+++ Data shown +++

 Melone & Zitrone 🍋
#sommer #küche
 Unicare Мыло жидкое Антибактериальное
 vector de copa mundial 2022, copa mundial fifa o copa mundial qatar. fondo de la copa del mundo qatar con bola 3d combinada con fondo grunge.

+++

Task goal - What this task asks for is an exact copy of the material above.

Solution to this task -
 Melone & Zitrone 🍋
#sommer #küche
 Unicare Мыло жидкое Антибактериальное
 vector de copa mundial 2022, copa mundial fifa o copa mundial qatar. fondo de la copa del mundo qatar con bola 3d combinada con fondo grunge.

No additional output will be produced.